— DATASET EXTRACT —
═══

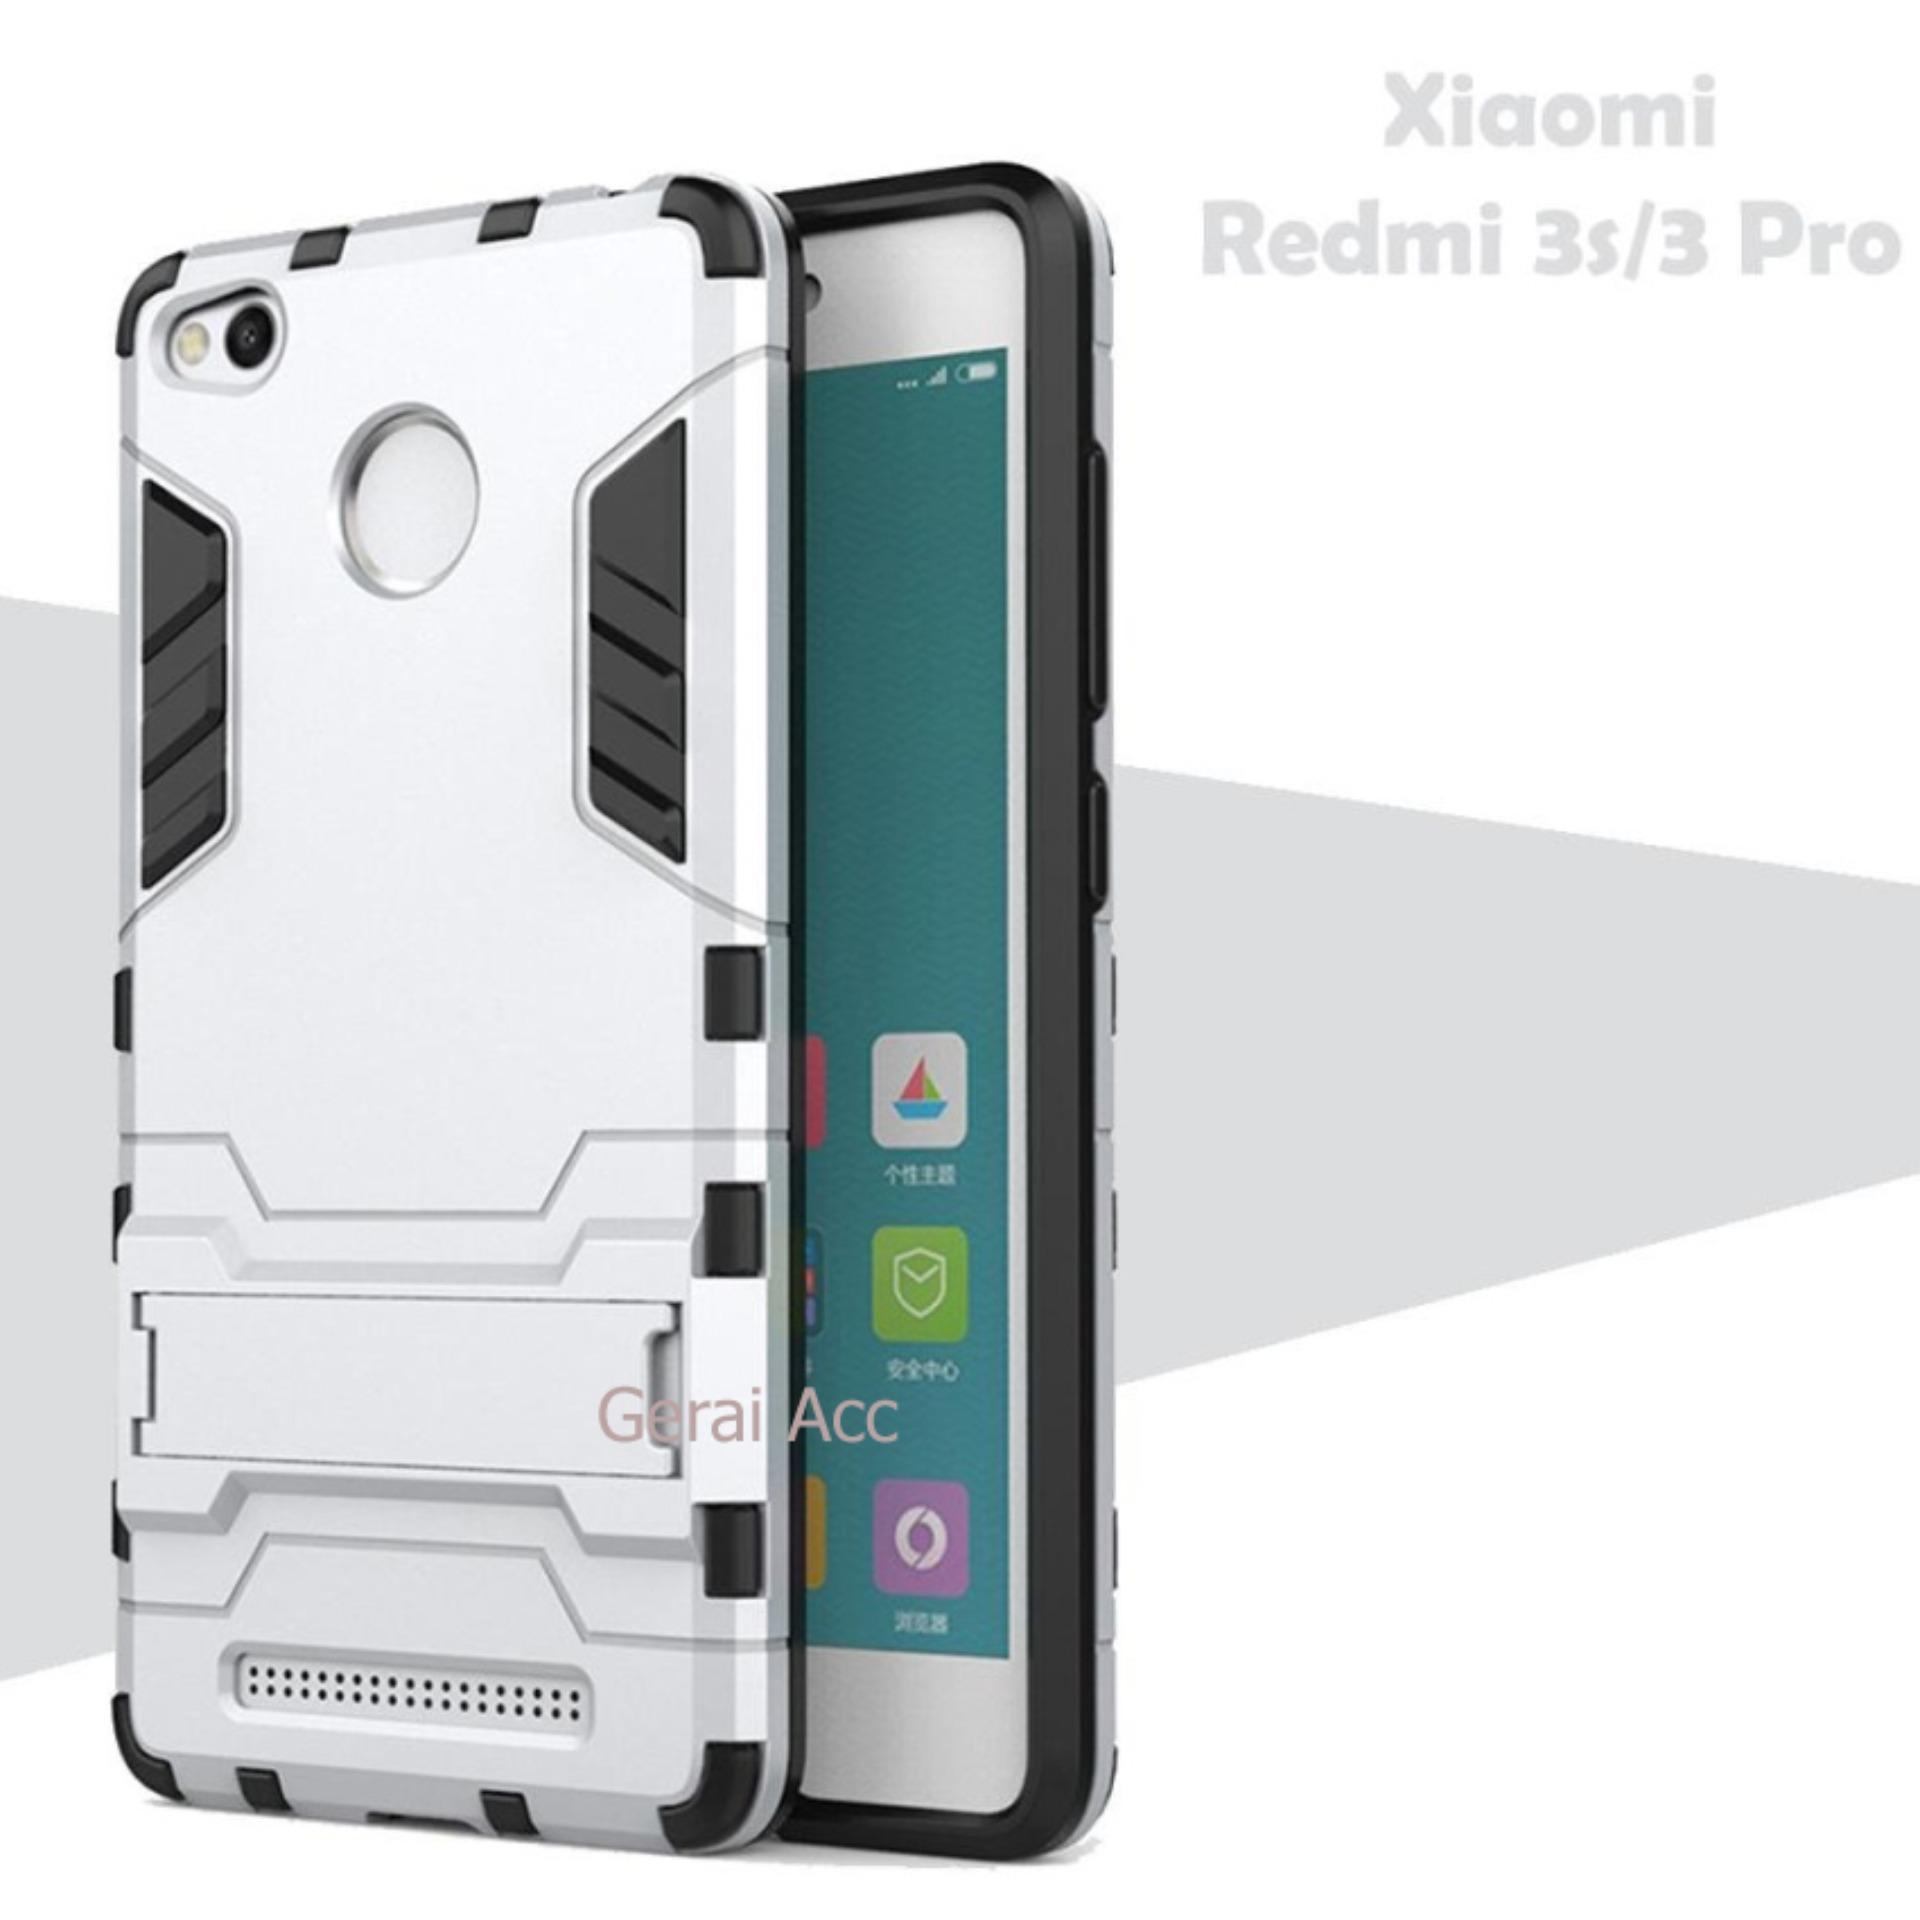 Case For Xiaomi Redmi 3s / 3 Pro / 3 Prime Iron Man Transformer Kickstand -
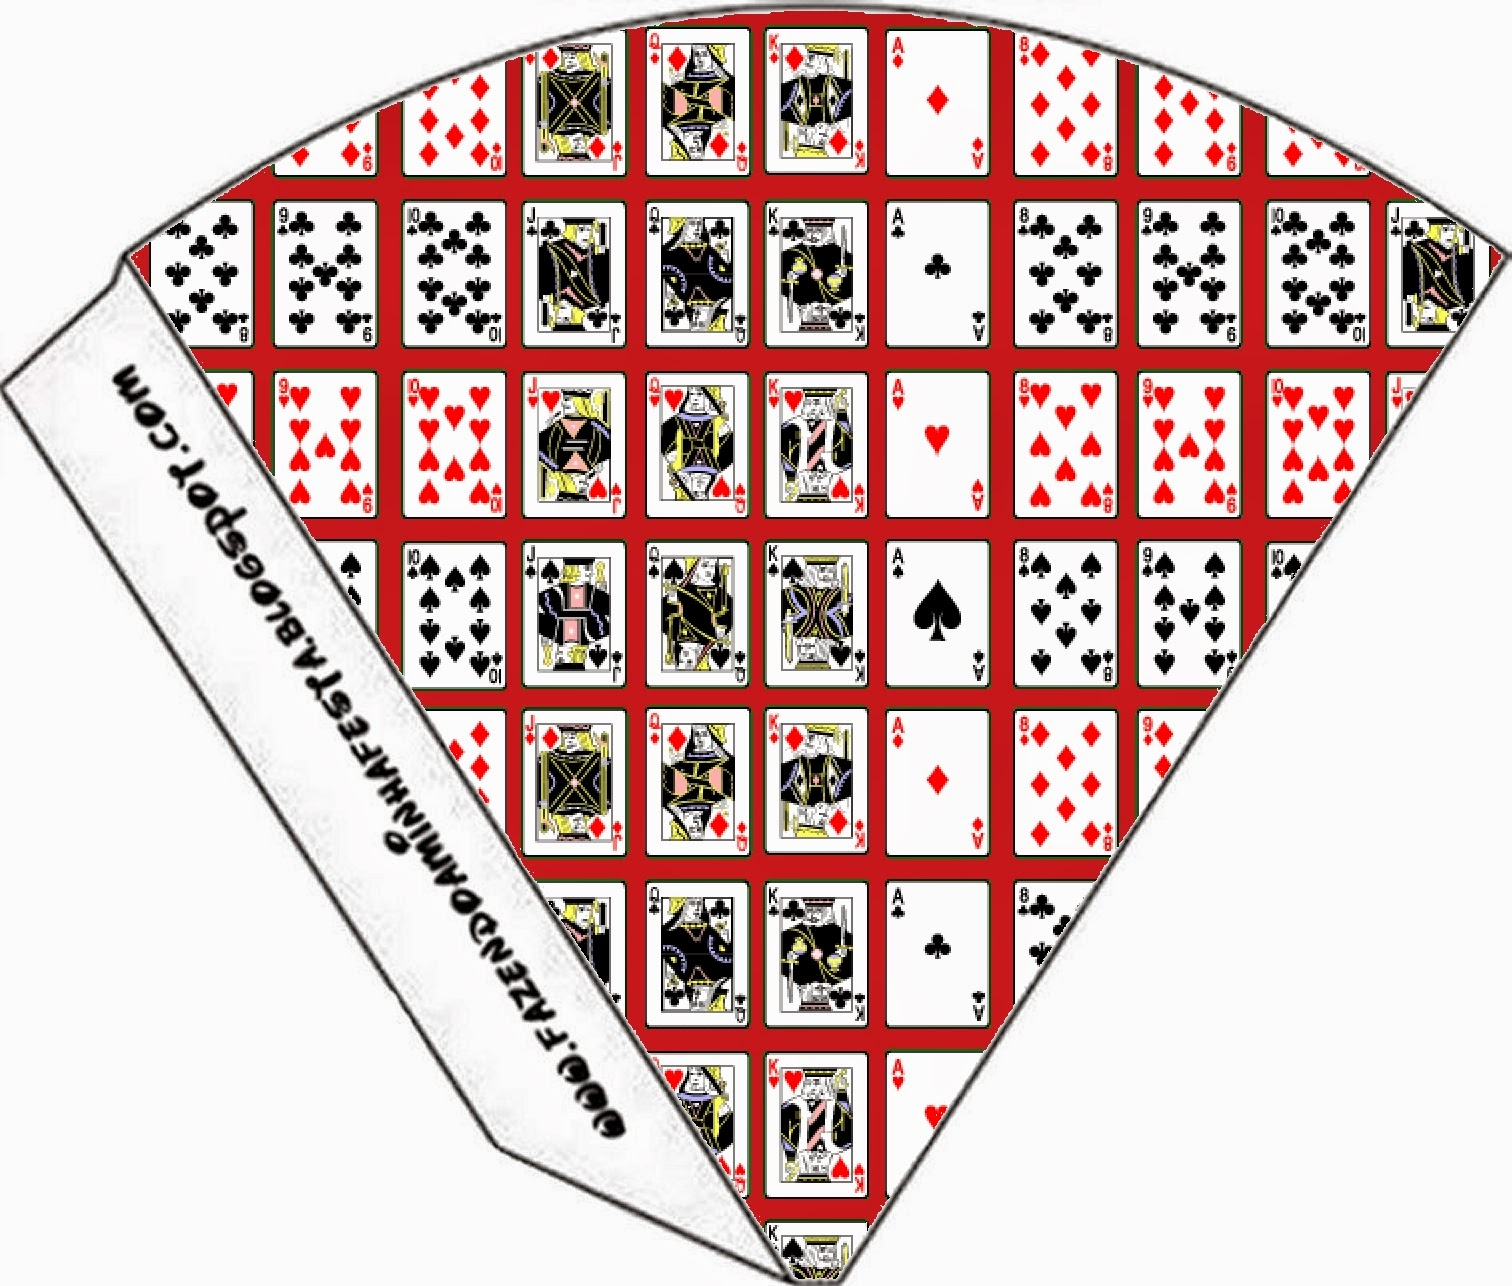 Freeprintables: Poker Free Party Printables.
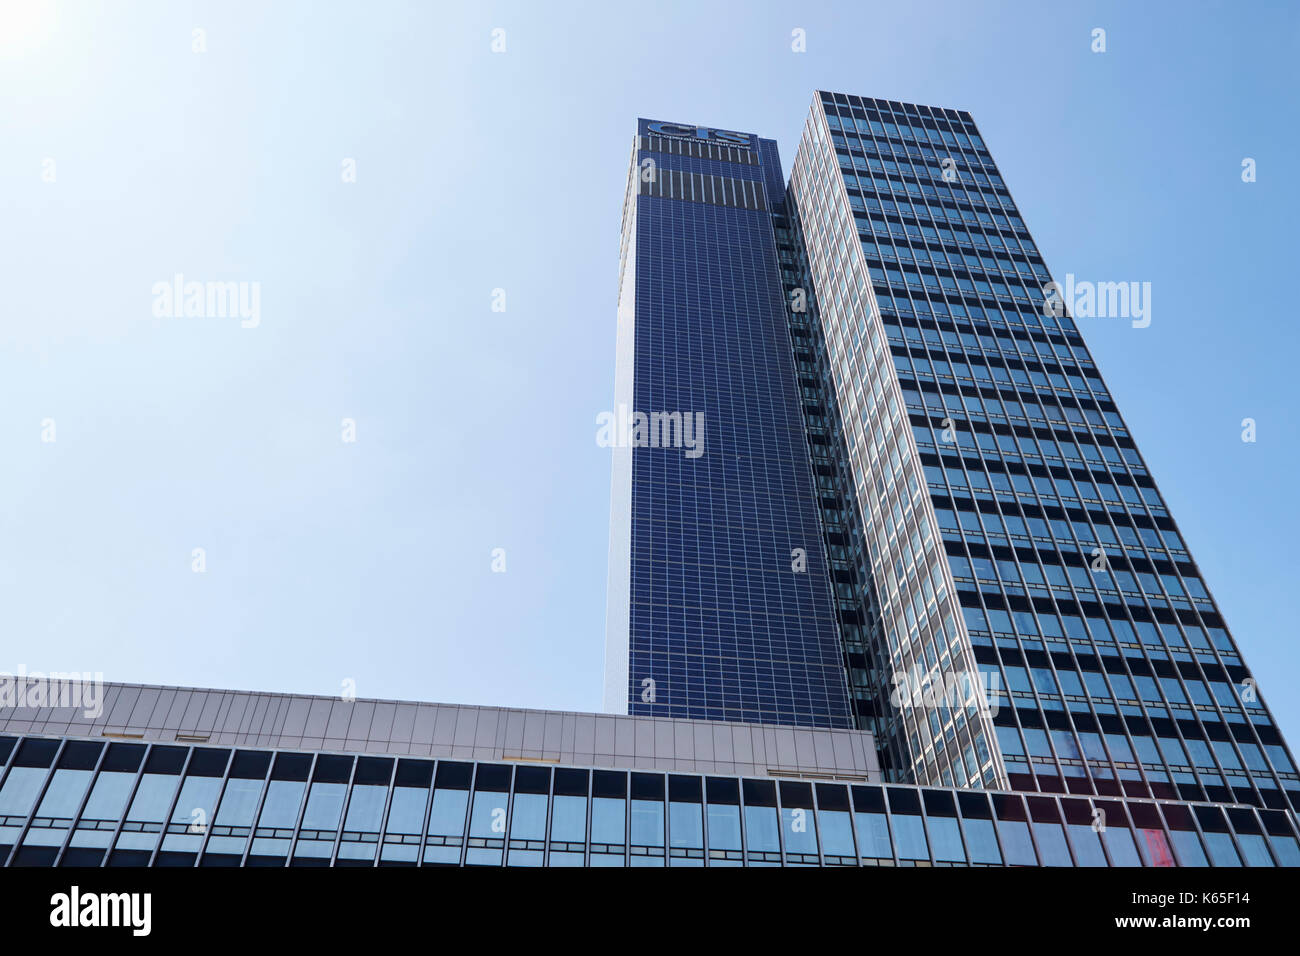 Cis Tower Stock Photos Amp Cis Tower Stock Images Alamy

═══

— THE TASK —
Repeat every line above precisely; pictures do not belong in the copy.

— PROBLEM SOLUTION —
 Case For Xiaomi Redmi 3s / 3 Pro / 3 Prime Iron Man Transformer Kickstand -
 Freeprintables: Poker Free Party Printables.
 Cis Tower Stock Photos Amp Cis Tower Stock Images Alamy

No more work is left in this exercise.